Hey every one im one chat!!! Peace


----------



## Kindbud (Apr 15, 2006)

Anyone want to chat


----------



## Kindbud (Apr 15, 2006)

Go To Chat


----------



## Kindbud (Apr 15, 2006)

I am in hear if anyone wants to chat! 
Come on Im so board!


----------



## Mutt (Apr 15, 2006)

anybody in here?


----------



## THE BROTHER'S GRUNT (Apr 15, 2006)




----------



## megaS13 (Apr 15, 2006)

Is There A Link To A Room?


----------



## Kindbud (Apr 15, 2006)

go to the top of the screen click on the blue square that says chat now!


----------



## Kindbud (Apr 15, 2006)

Anyone want to chat im in here!


----------



## LdyLunatic (Apr 15, 2006)

damn i finally make it back and everyone is gone


----------



## THE BROTHER'S GRUNT (Apr 16, 2006)

*Happy Easter everyone.
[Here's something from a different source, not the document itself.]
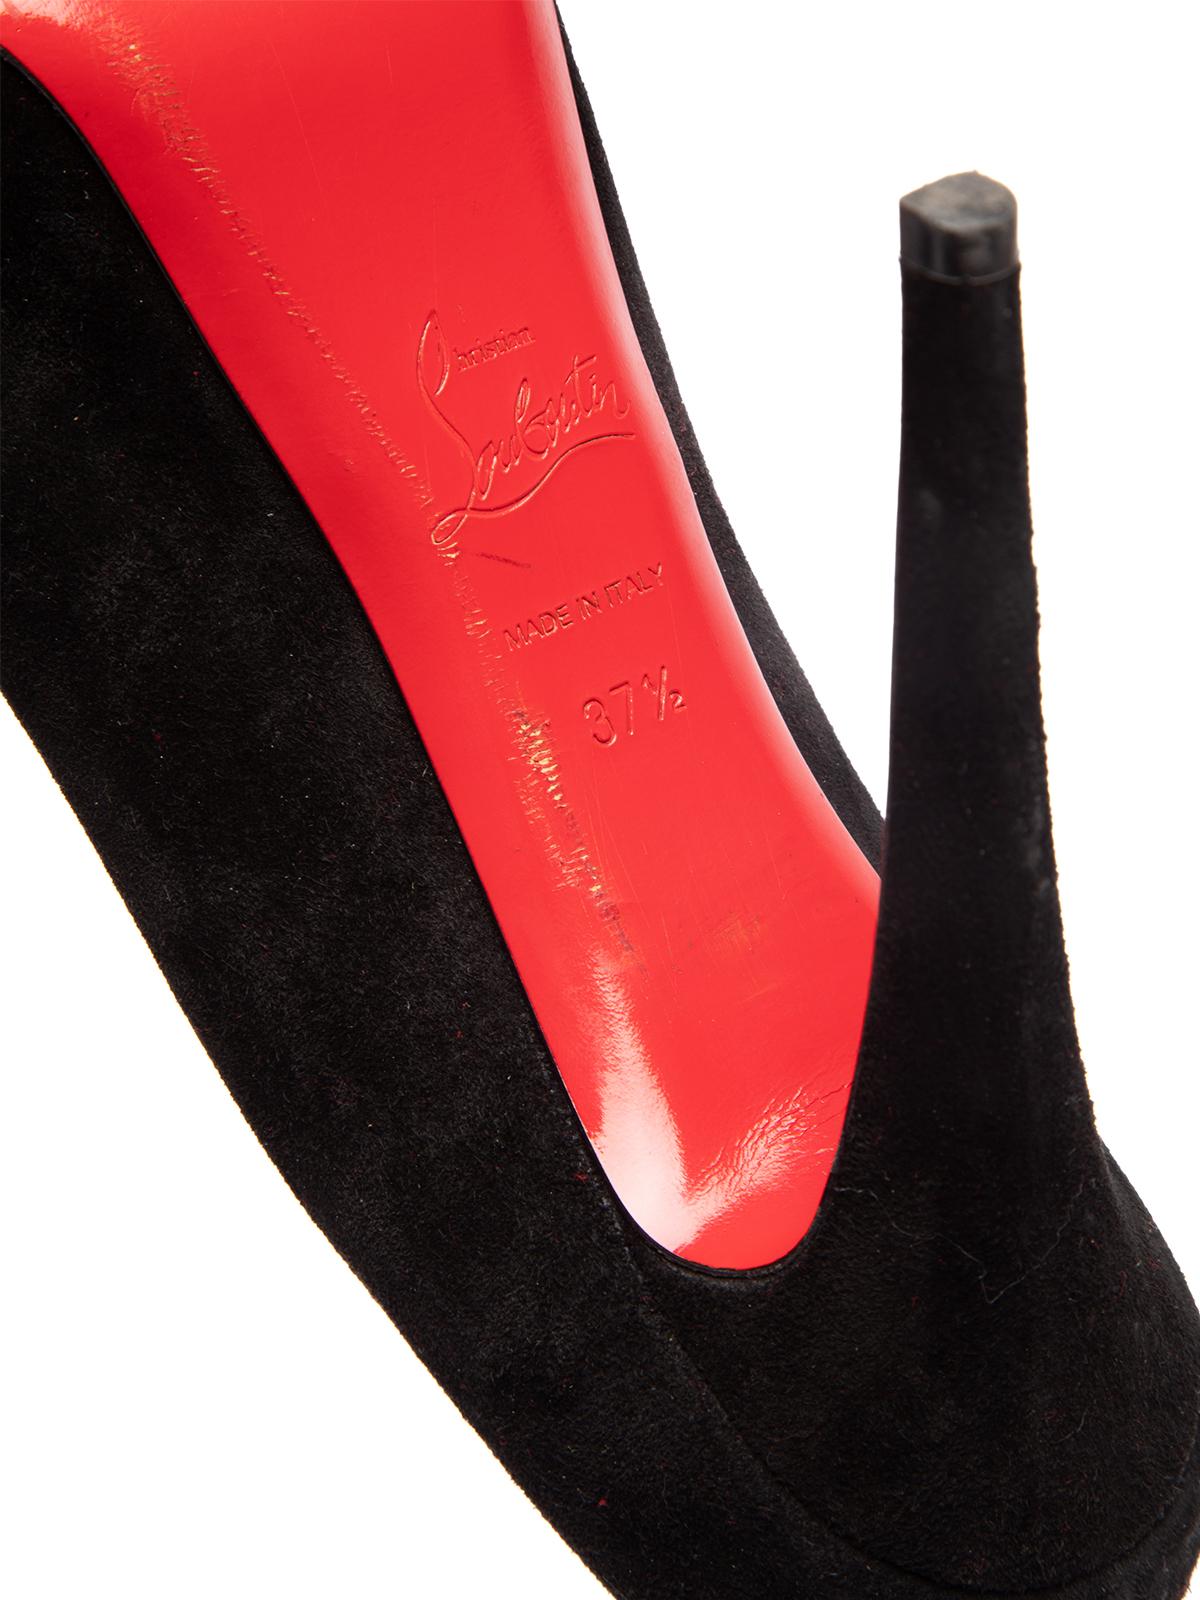 Pre-Loved Christian Louboutin Women's Eloise 85 Heels Black Suede 1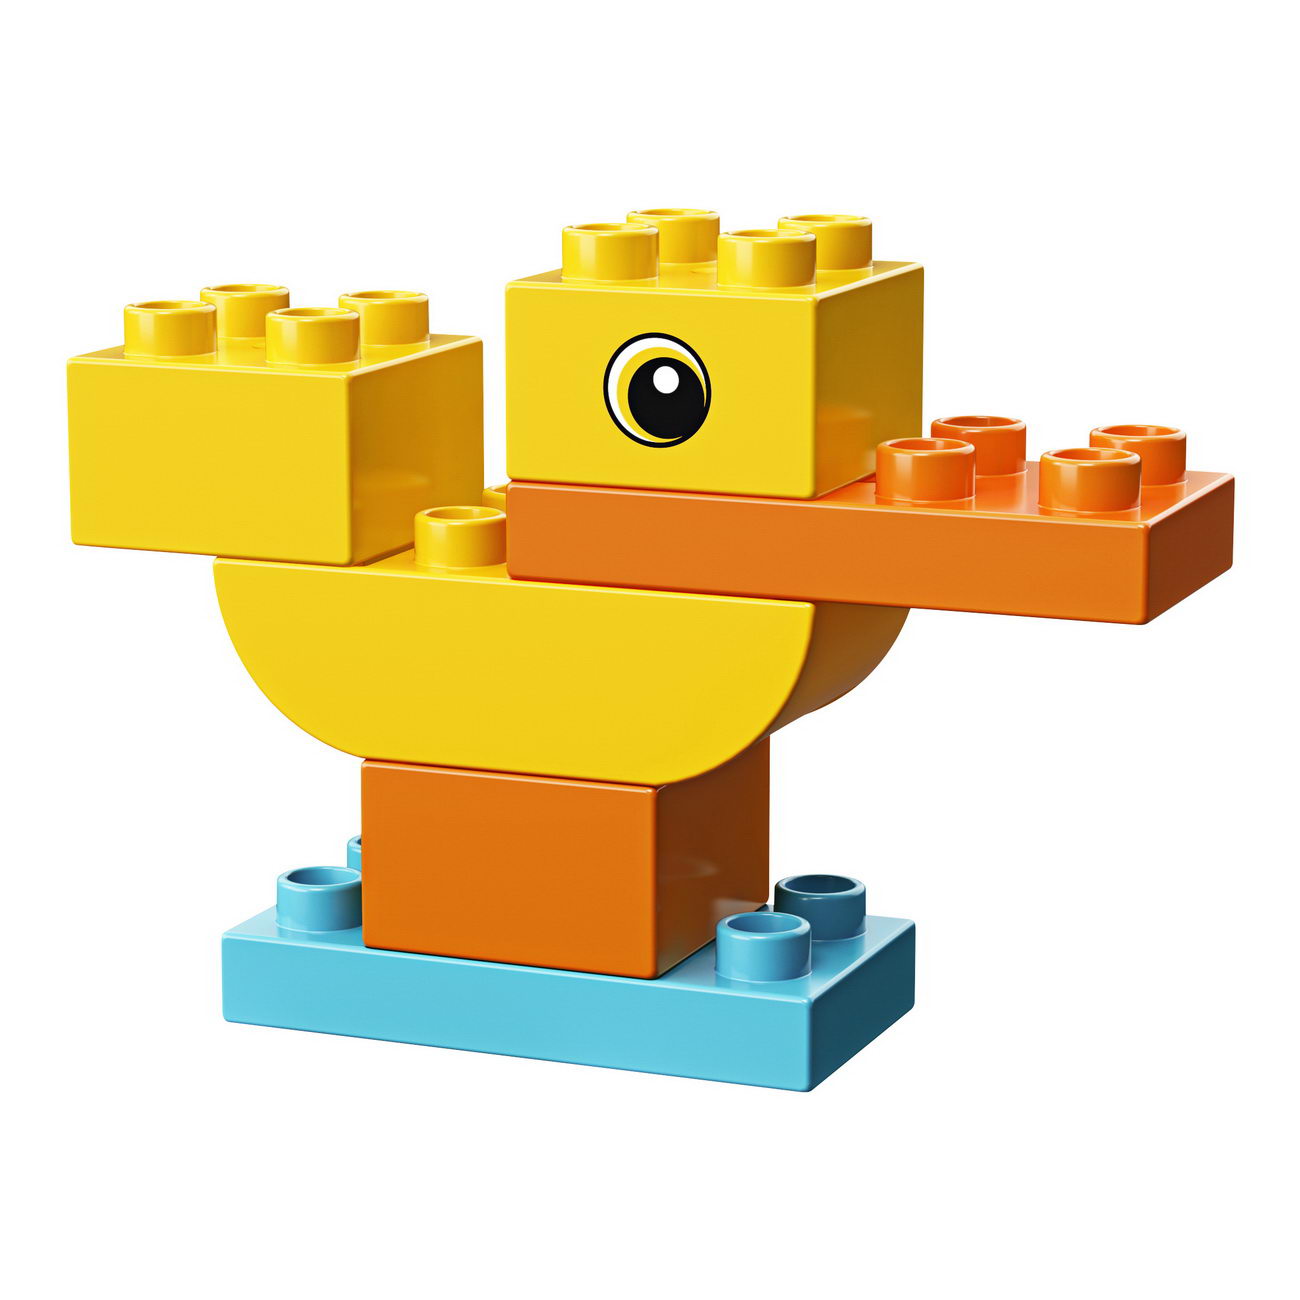 LEGO duplo - Meine erste Ente (30327)

Anyone want to join me in the chat room? *


----------



## pranicfever (Apr 16, 2006)

In chat.... Need Womanly Company.... or male.. don't matter... And to whom just came in and said hi.. sorry wasn't paying attetion


----------



## Kindbud (Apr 16, 2006)

Chat anyone?


----------



## THE BROTHER'S GRUNT (Apr 18, 2006)

*Anyone down for a afternoon chat? Come one come all.*


----------



## Kindbud (Apr 18, 2006)

Anyone want to chat?


----------



## FaTal1 (Apr 18, 2006)

hey get your high asses on chat hahahaha j/p but cmon get in chat and im bamaself in the chat room and im high and bored and bored but trippin out hahaha


----------



## LdyLunatic (Apr 18, 2006)

damn i missed you all AGAIN


----------



## pranicfever (Apr 19, 2006)

Butts In Chat Now


----------



## LdyLunatic (Apr 19, 2006)

and my sorry butt doesn't have chat time    heading off to clean the house...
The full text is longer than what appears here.